That case is easily done by simply considering the indexed values of a
column with a partial index. This should be fairly easy to do I think.

It might be worthwhile someone trawling through the archives looking
for examples where we estimate the correlation wrong.

Have a nice day,
--
Martijn van Oosterhout <kleptog@svana.org> http://svana.org/kleptog/

Show quoted text

Please line up in a tree and maintain the heap invariant while
boarding. Thank you for flying nlogn airlines.

Ron Mayer

rm_pg@cheapcomplexdevices.com

over 17 years ago

In reply to: Robert Haas (#7)

Re: Cross-column statistics revisited

Robert Haas wrote:

I think the real question is: what other kinds of correlation might
people be interested in representing?

Yes, or to phrase that another way: What kinds of queries are being
poorly optimized now and why?

The one that affects our largest tables are ones where we
have an address (or other geo-data) clustered by zip, but
with other columns (city, county, state, school-zone, police
beat, etc) used in queries.

Postgres considers those unclustered (correlation 0 in the stats),
despite all rows for a given value residing on the same few pages.

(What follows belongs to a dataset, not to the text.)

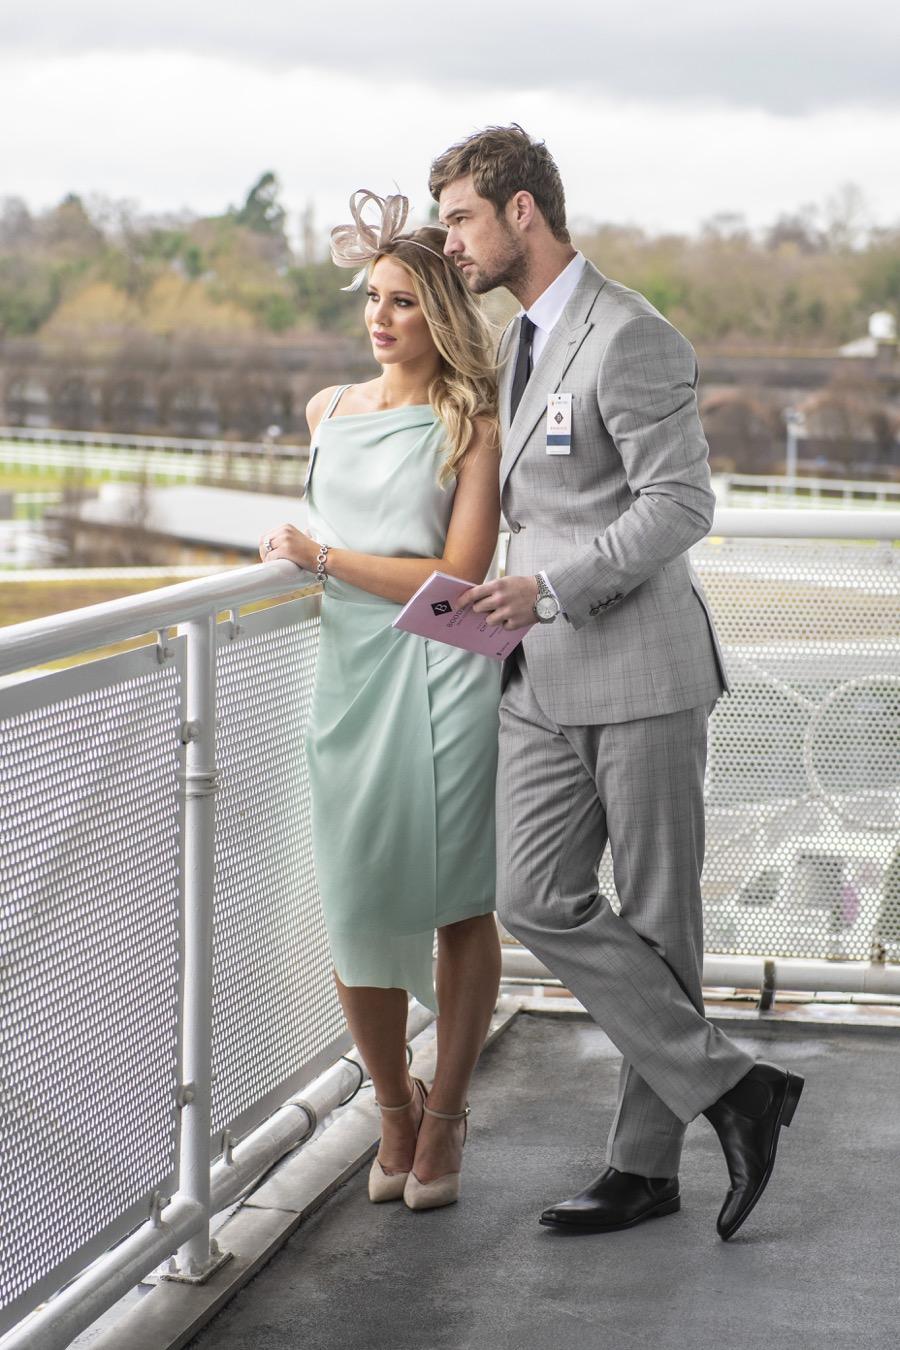 LEFT:  Reiss Dress, £123  (RRP £185);  Reiss Shoes, £95  (RRP £155);  Coast Fascinator, £15  (RRP £45)    RIGHT:  Reiss Suit £245  (RRP £550);  Reiss Shirt, £53  (RRP £80);  Armani Tie, £39  (RRP £59);  Reiss Boots, £130  (RRP £195);  Armani Watch, £161  (RRP £249)

I could imagine that this could be handled by either some cross-column
correlation (each zip has only 1-2 cities); or by an enhanced
single-column statistic (even though cities aren't sorted alphabetically,
all rows on a page tend to refer to the same city).

#10

Josh Berkus

josh@agliodbs.com

over 17 years ago

In reply to: Tom Lane (#5)

Re: Cross-column statistics revisited

Tom,

(I'm not certain of how to do that efficiently, even if we had the
right stats :-()

I was actually talking to someone about this at pgWest. Apparently there's
a fair amount of academic algorithms devoted to this topic. Josh, do you
remember who was talking about this?

--
--Josh

Josh Berkus
PostgreSQL
San Francisco

#11

Joshua Tolley

eggyknap@gmail.com

over 17 years ago

In reply to: Josh Berkus (#10)

Re: Cross-column statistics revisited

On Thu, Oct 16, 2008 at 2:54 PM, Josh Berkus <josh@agliodbs.com> wrote:

Tom,

(I'm not certain of how to do that efficiently, even if we had the
right stats :-()

I was actually talking to someone about this at pgWest. Apparently there's
a fair amount of academic algorithms devoted to this topic. Josh, do you
remember who was talking about this?

Actually, it was me :) My biggest concern at the time was finding ways
to compress the correlation data, on the apparently fairly tenuous
assumption that we'd somehow be able to make use of it. As it turns
out, the particular set of algorithms I had in mind don't compress
anything, but there are other methods that do.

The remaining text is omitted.